Exploring University-Community Partnerships


Last November, faculty in the Bioregional Center for Sustainability Science, Planning and Design held a symposium which brought together university and community partners from across the UC system doing place-based, civically engaged research and education on food systems. Funded by the UC Office of the President (UCOP), the symposium was the culmination of an 18 month UC Global Food Initiative (GFI) - funded project: Getting Neighborhoods EQUIPPED (Engaged thru Quality University-Community Infrastructure for Participatory-Research and Popular EDucation), which involved bringing over 400 students out to work and learn at the Ocean View Growing Grounds neighborhood garden and learning center in Southeast San Diego. The convening brought together diverse minds to discuss lessons, roadblocks and blind spots in trying to engage in authentic community engagement, pedagogy, and action. The guiding questions for the symposium included:
1) How do we engage in genuine ways (i.e., with curiosity, humility, respect, and shared learning) with local communities?

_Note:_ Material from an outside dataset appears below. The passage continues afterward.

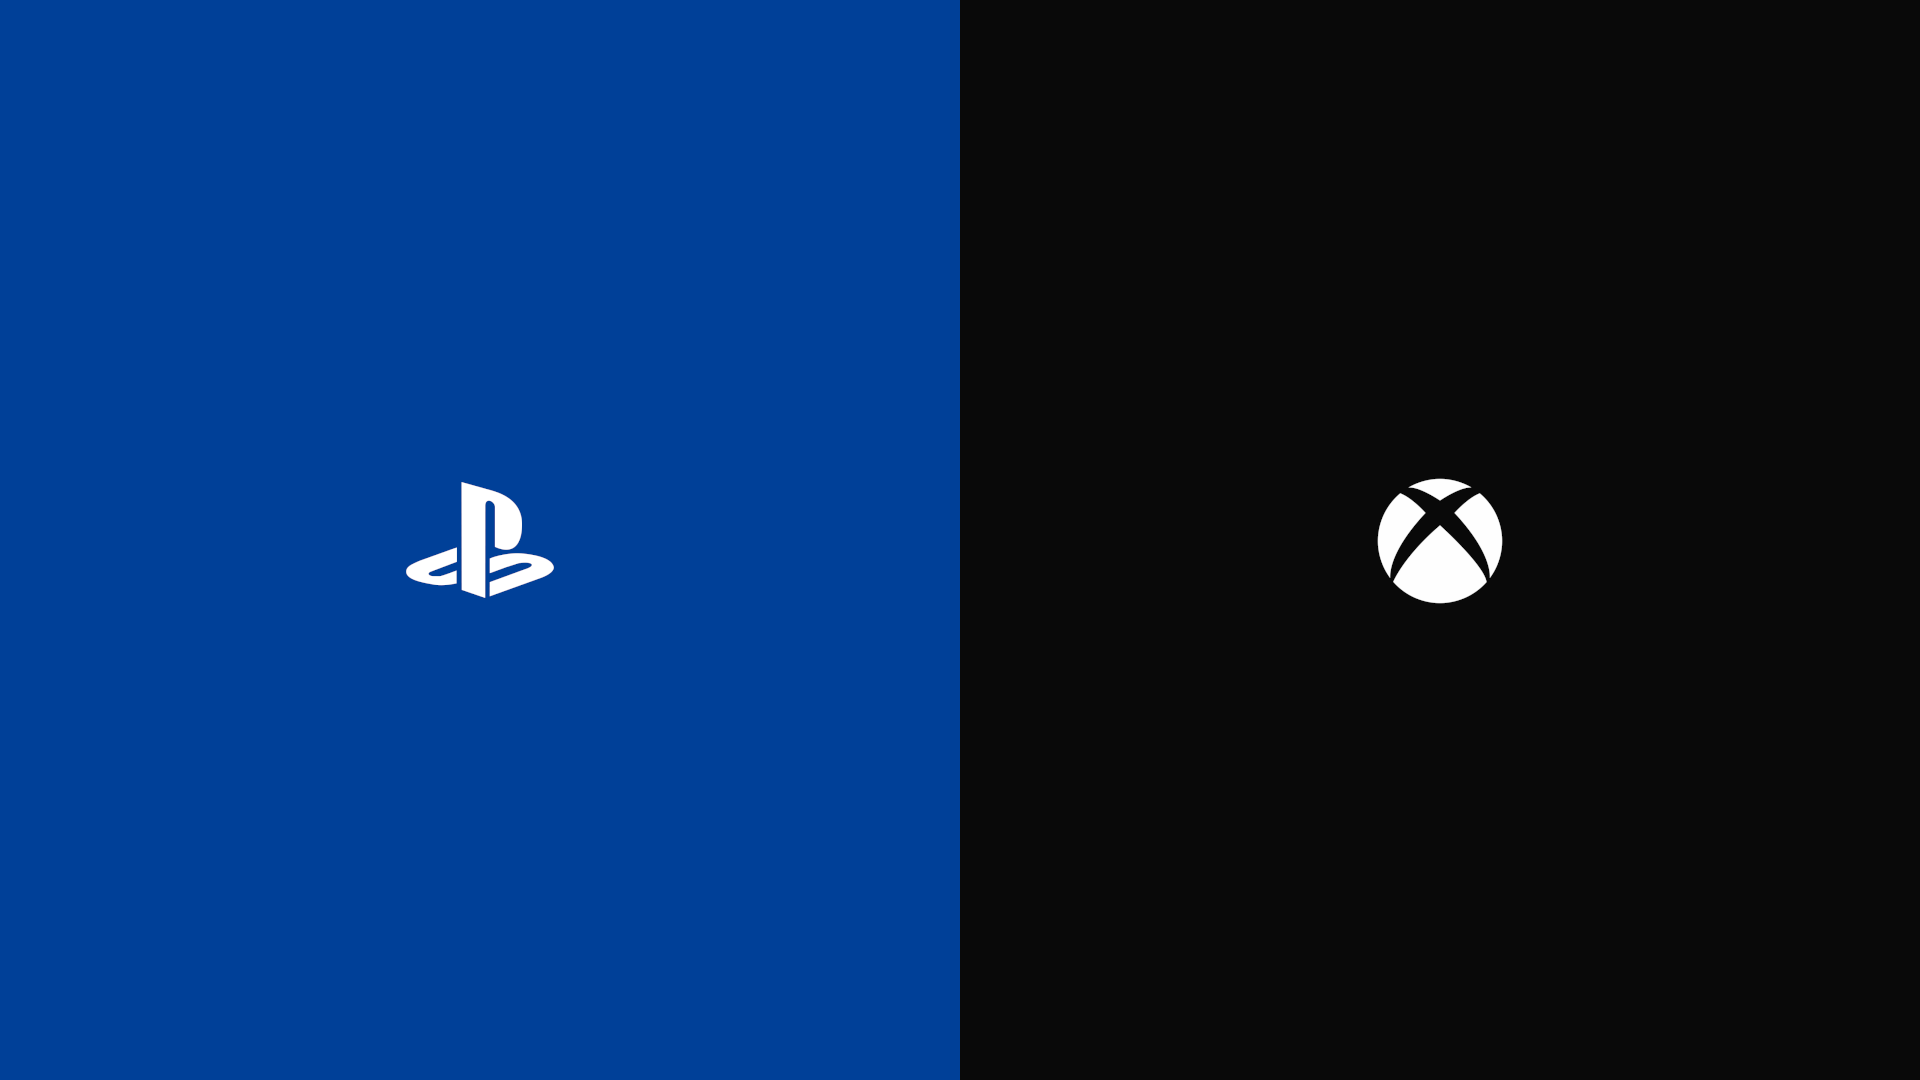 PlayStation VS XBOX

2) How do we draw students into this mix in ways that nourish, educate, and inspire them to be agents of positive change?

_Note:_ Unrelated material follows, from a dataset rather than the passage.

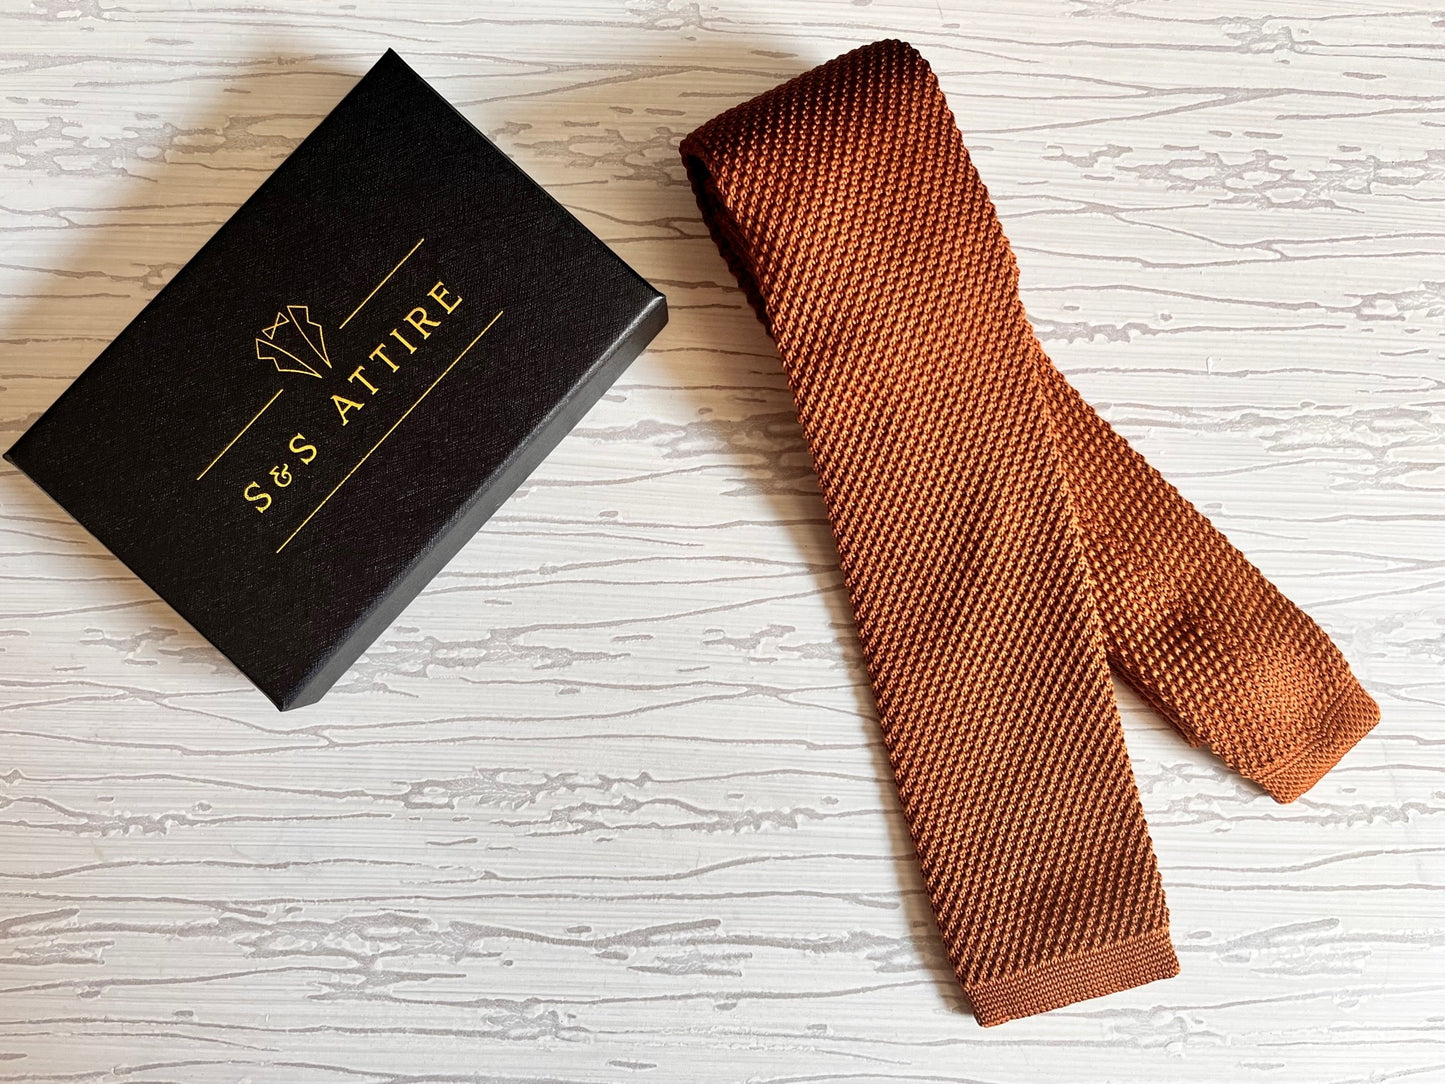 S&S Attire Knitted Tie Rust

3) How do we overcome the very real challenges of trust-building, and consciousness-building (among our students, community members, and ourselves), especially in the face of unequal resources and power relations, and the on-the-ground impacts across our local neighborhoods of intersecting systems of inequity and oppression?

Alleys in Action! 2.0

Alleyways are an untapped resource of the public realm and urban fabric. Faculty member Sue Peerson worked with urban design students in fall 2019 and winter 2020 to study ways to transform alleys into vibrant public spaces. Investigating Normal Heights and North Park Allyson Osborn and Stephanie Belbeck conducted research on the community plans and city placemaking regulations. For her USP Honors Thesis Allyson Osborn expanded work from Peerson’s studio courses and prepared a comprehensive document showing how alleys can foster social gathering, sustainable practices, green corridors and much more.  Osborn’s thesis is a guide with toolkit, engagement packet, mapping, and permit information for planners, designers, city departments, community residents and business owners to help them activate alleys.  This research and community engagement work is the continuation of Alleys in Action! 1.0 winner of the San Diego Chapter (2019) and California Chapter (2019) American Planning Association Academic Awards.